CAP-GLY domains were originally identified in CLIP170/Restin, a protein that acts as a linker between endocytic vesicles and microtubules.13,14 Subsequently, CAP-GLY domains have been identified in a number of proteins that are believed to coordinate the attachment of cellular organelles, such as vesicles or chromosomes, to microtubules and thus assist their movements within the cell.11 The CAP-GLY domains themselves are responsible for microtubule binding.15 Included among this group of proteins are p150Glued which forms part of the dynactin complex16 (necessary for the docking of cargoes to the minus end directed microtubule associated motor, dynein) and BIK1 (mutations of which cause disorders of mitotic segregation in yeast).17,18 CLIP170 and a number of other proteins have two CAP-GLY domains, while the majority of CAP-GLY proteins contain a single copy. CYLD is the first protein, to our knowledge, that has three CAP-GLY motifs (although one of these is quite divergent from the consensus sequence). All truncating CYLD mutations are predicted to leave intact the N-terminal two CAP-GLY domains. Similar to CYLD, several other proteins with CAP-GLY domains have C-terminal metal-binding finger-like domains.11
The mechanism by which inactivation of a protein containing CAP-GLY domains might contribute to neoplastic transformation is not clear. Several CAP-GLY proteins are implicated in the attachment of the mitotic spindle to chromosomes.19–21 It is, therefore, plausible that CYLD is required for appropriate segregation of chromosomes during mitosis and that abnormalities of CYLD result in gains or losses of chromosomes. However, examination of 25 familial cylindromas for LOH on almost all chromosomal arms failed to reveal any evidence of allele loss other than on chromosome 16q.8 Similarly, comparative genomic hybridization (CGH) performed on 10 familial cylindromas showed very few copy number changes (Shipley and Stratton, unpublished data). These results therefore provide no evidence in favor of a phenotype of chromosomal instability in familial cylindromas carrying CYLD mutations.

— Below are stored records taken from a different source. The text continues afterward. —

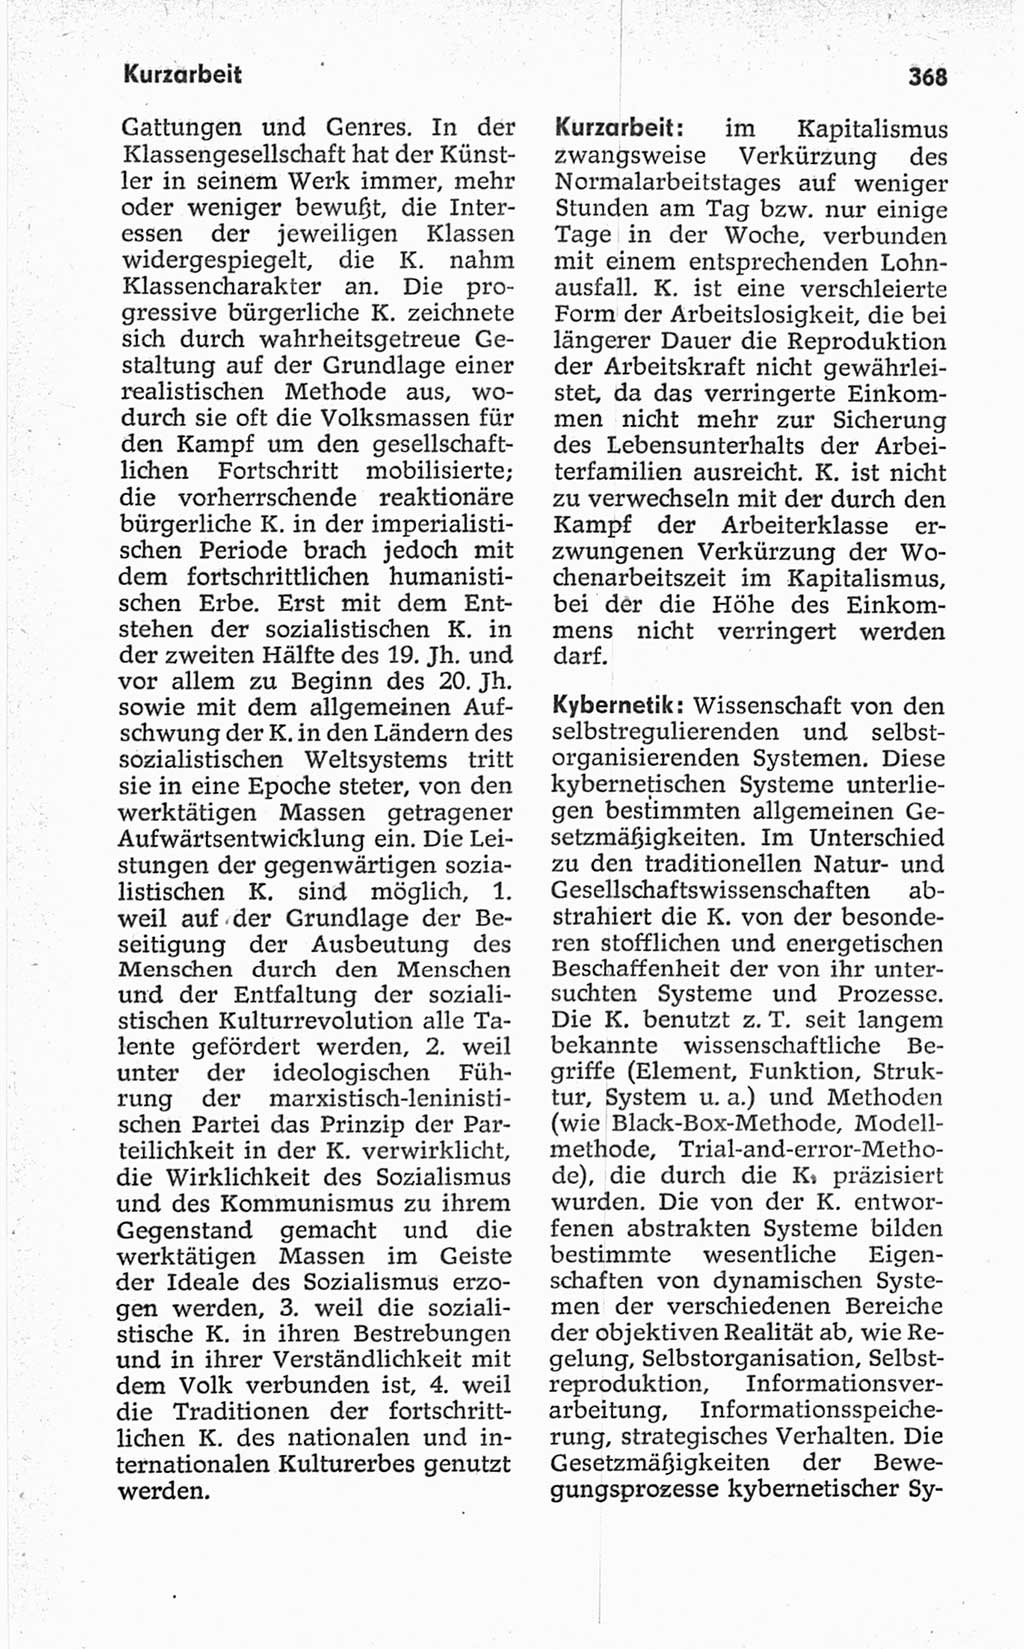 Kleines politisches Wörterbuch [Deutsche Demokratische Republik (DDR)] 1967, Seite 368 (Kl. pol. Wb. DDR 1967, S. 368)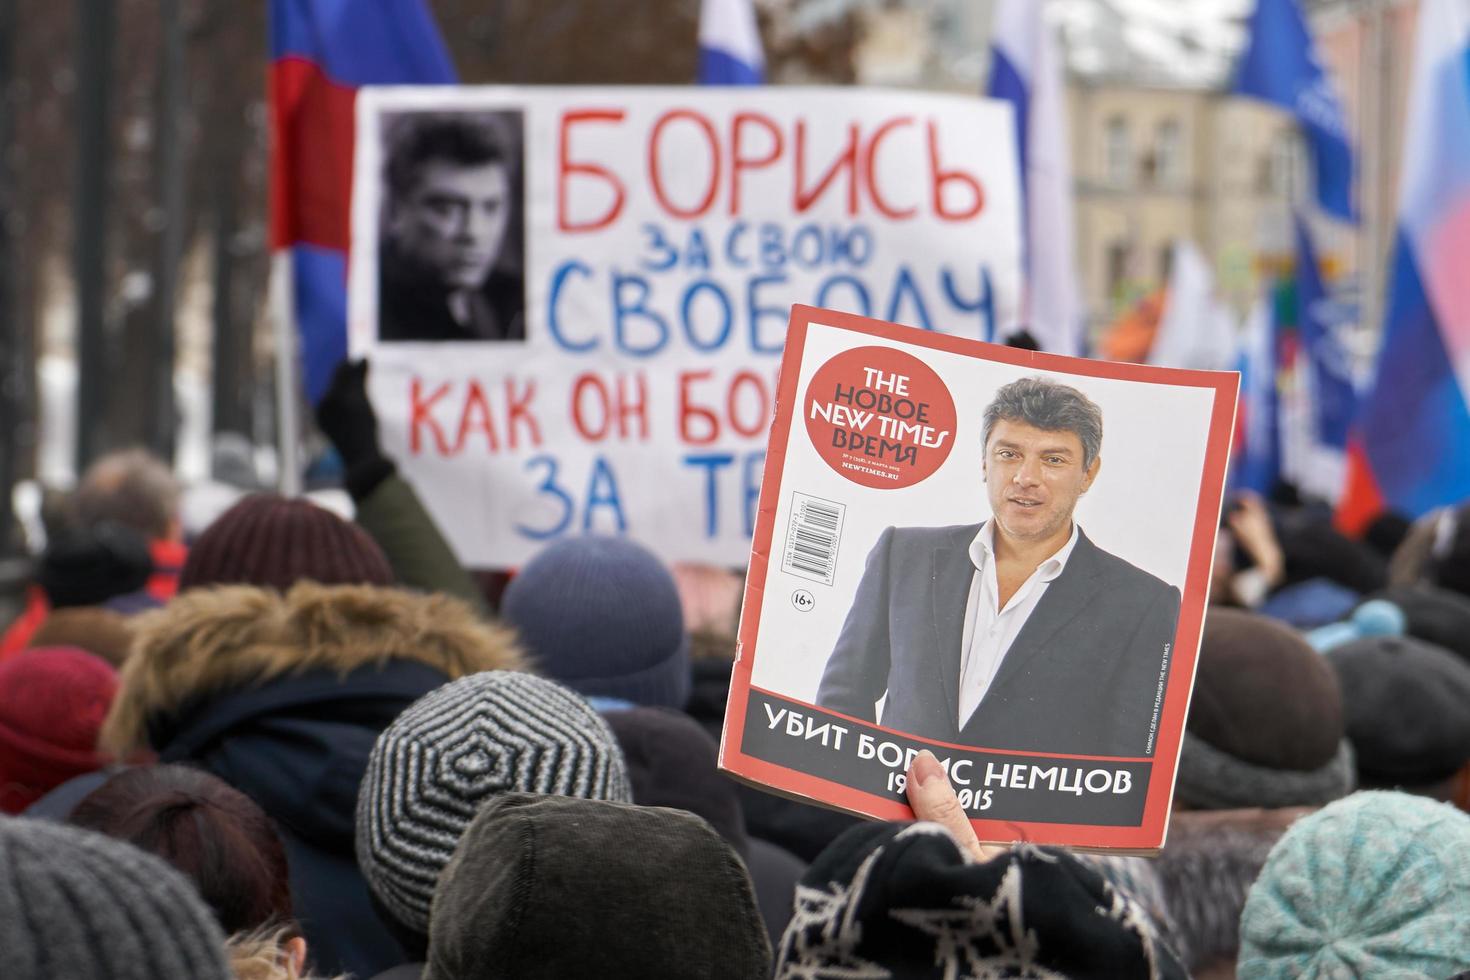 moscou, rússia - 24 de fevereiro de 2019 pessoas carregando bandeiras e banners russos na marcha da memória nemtsov em moscou foto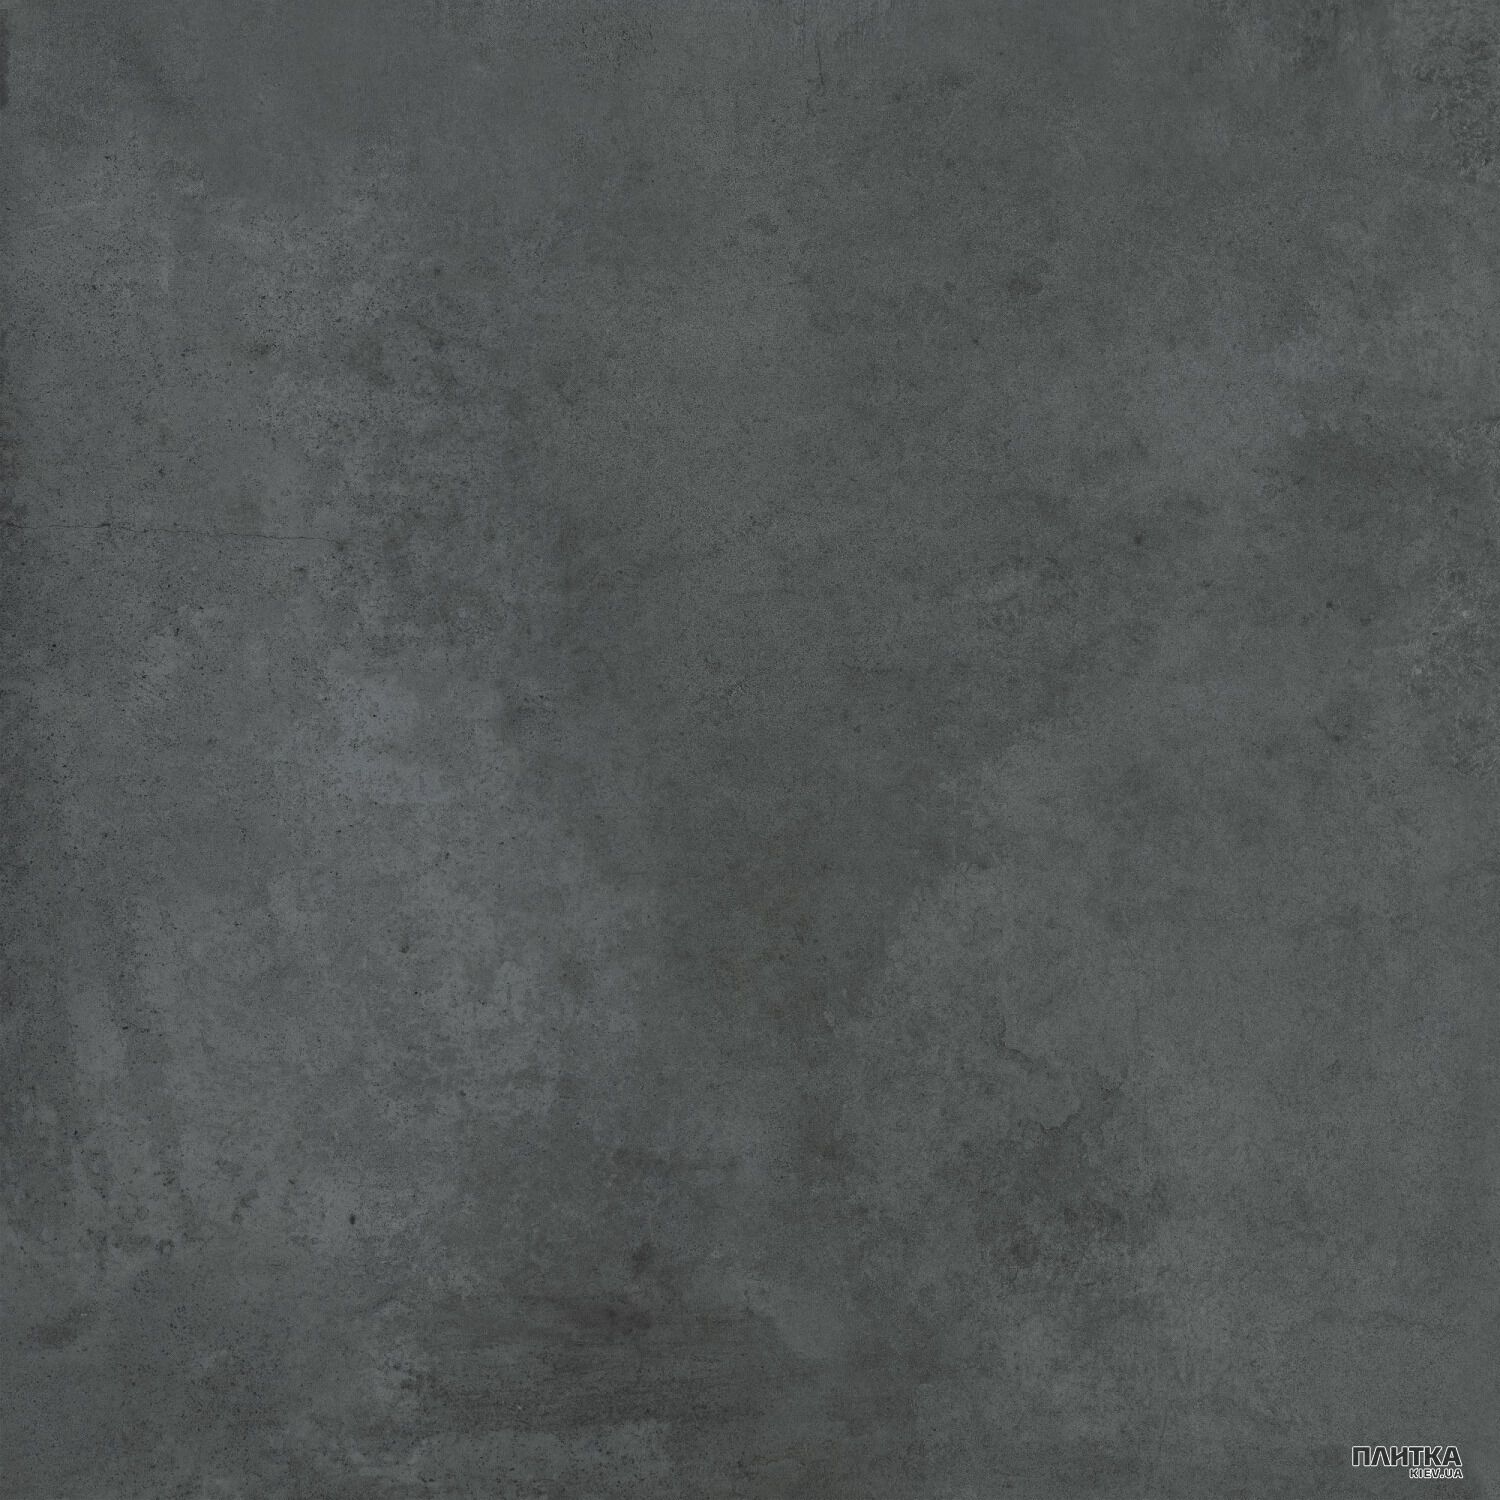 Керамогранит Golden Tile Hygge HYGGE Темно-Серый N4П510 темно-серый - Фото 1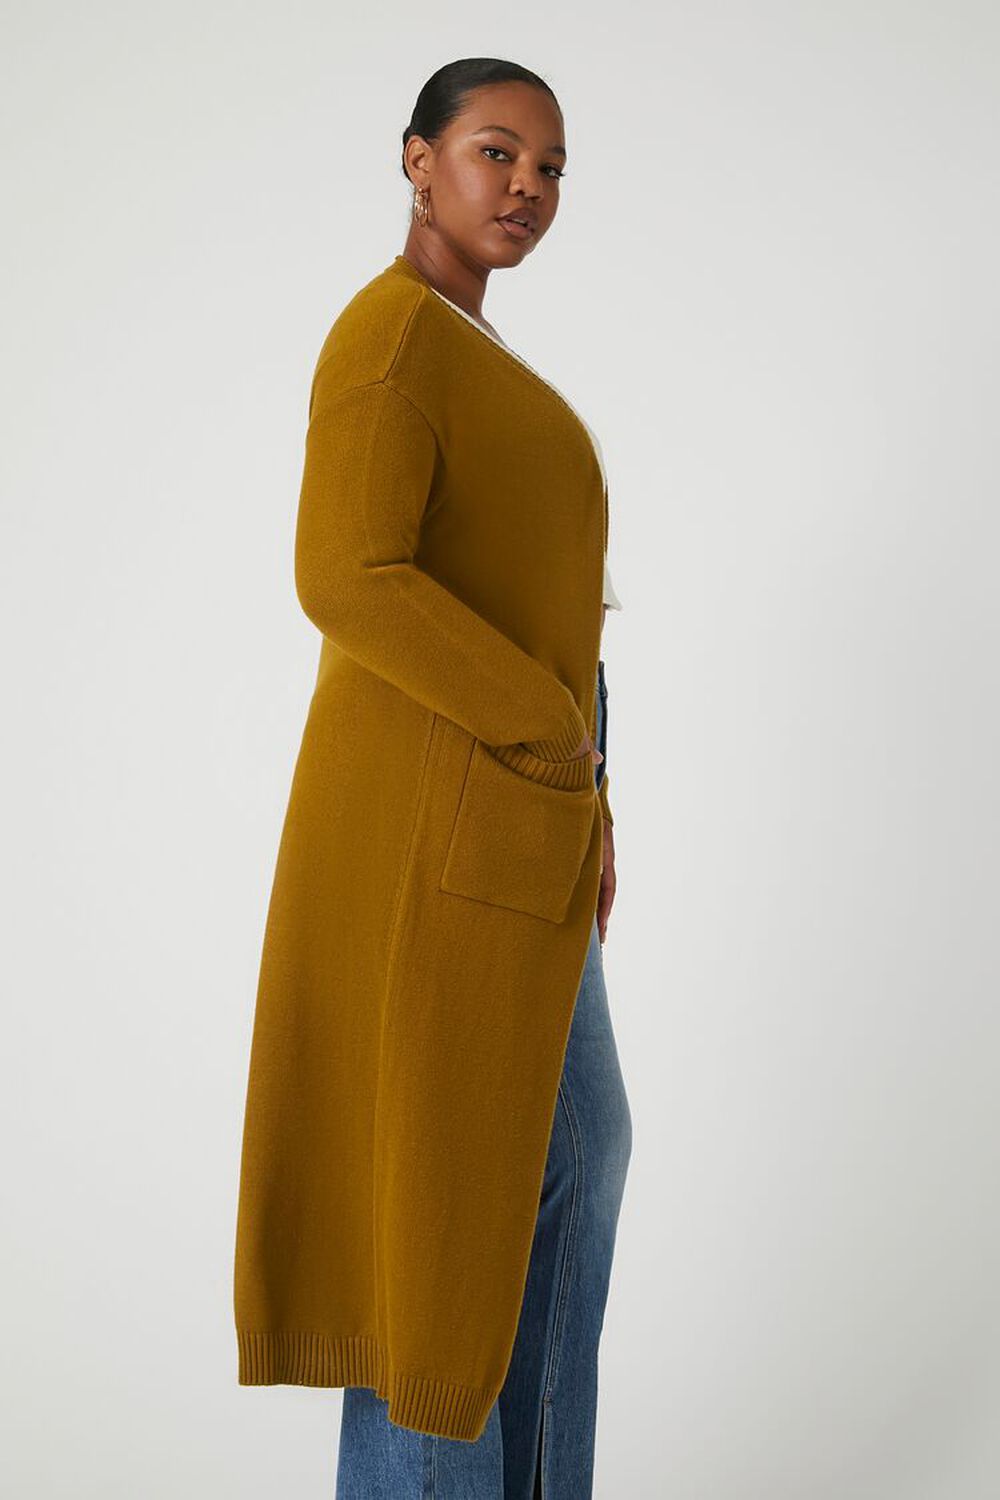 CIGAR Plus Size Longline Cardigan Sweater, image 3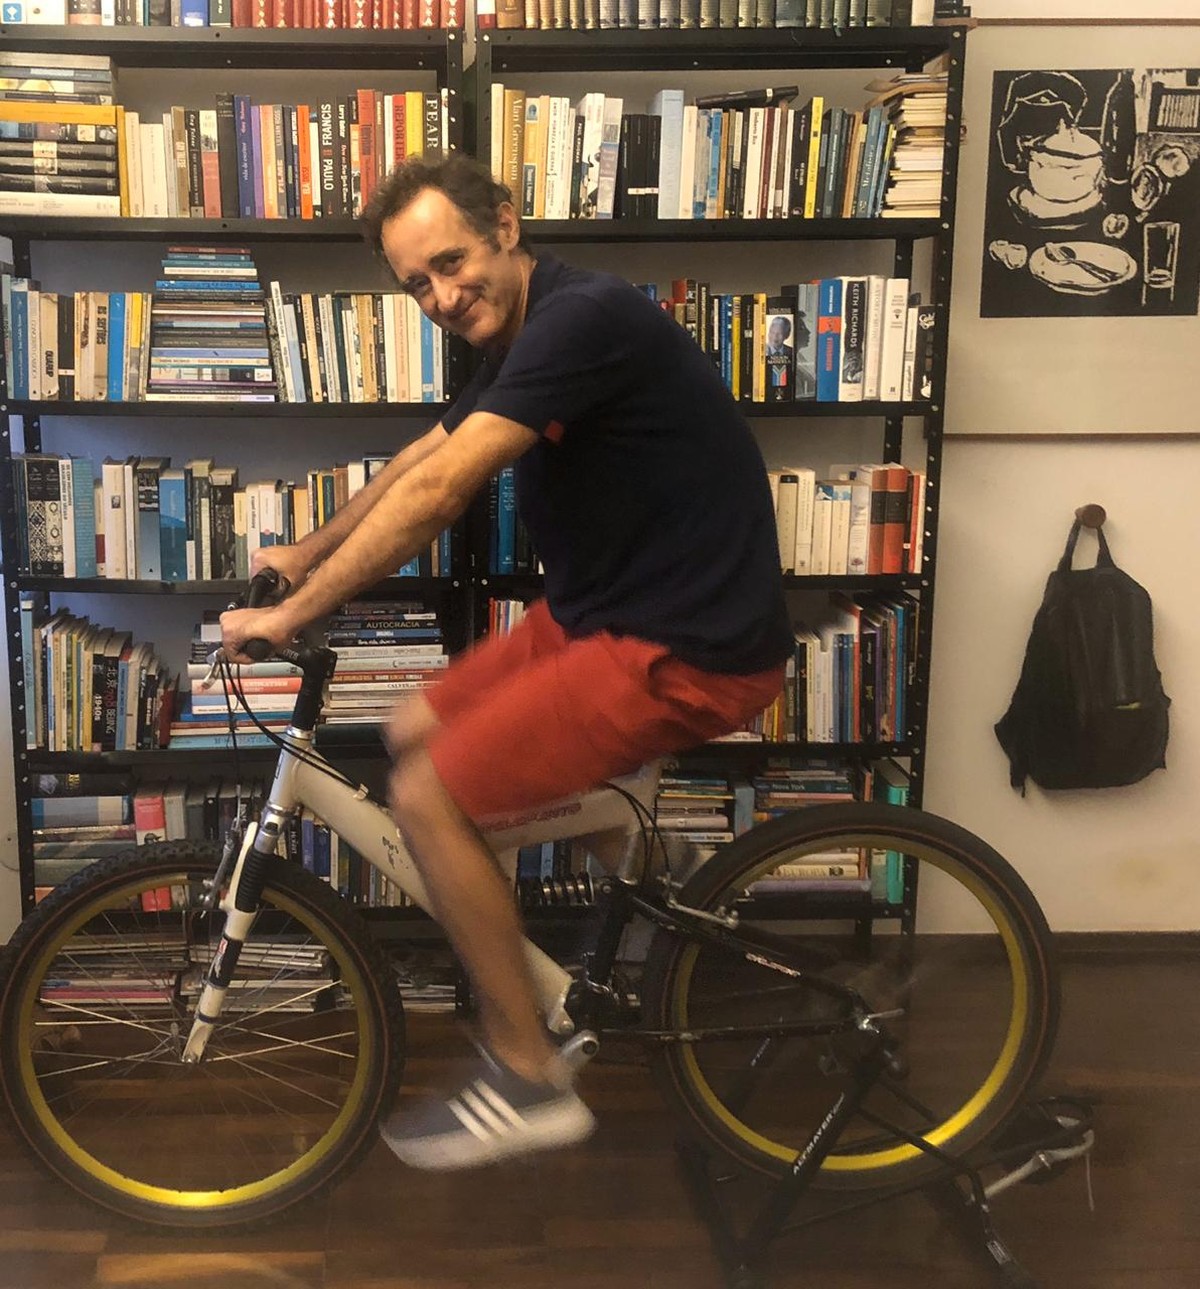 Jogo de Trilha de Bicicleta – Apps no Google Play

Another major clue to the function of CYLD is the presence of two regions that could form a putative UCH Type 2 catalytic domain toward the C-terminus of the protein (www.expasy.ch/cgi-bin/get-prodoc-entry?PDOC00127; www.expasy.ch/cgi-bin/get-prodoc-entry?PDOC00750). UCH catalyzes the hydrolysis of ubiquitin resulting in deubiquitination, reducing degradation of target proteins by the proteasome.12 Therefore, inactivation of CYLD could conceivably contribute to oncogenesis by enhancing the degradation of proteins that, for example, suppress cell proliferation or promote apoptosis.22
Germ line mutations in the CYLD gene are remarkable for their tumor-type specificity. With the exceptions of trichoepitheliomas and eccrine spiradenomas (both of which also show features of skin adnexal structures), there is no evidence for predisposition to other types of neoplasm, either in the skin or other organs. Similarly, somatic CYLD mutations appear restricted to cylindromas and are not found in other tumors. Nevertheless, CYLD is highly expressed in fetal brain, testis, and skeletal muscle, and at a lower level in adult brain, leukocytes, liver, heart, kidney, spleen, ovary, and lung. It therefore seems unlikely that the propensity of CYLD mutations to cause neoplastic transformation in skin appendageal tissues is attributable simply to the tissue or cell-type specific expression pattern of the gene.
The biological activities of CYLD predicted on the basis of amino acid sequence require direct experimental confirmation. However, the presence of functional motifs that have not previously been found in proteins implicated in oncogenesis promises new insights into mechanisms of neoplastic transformation.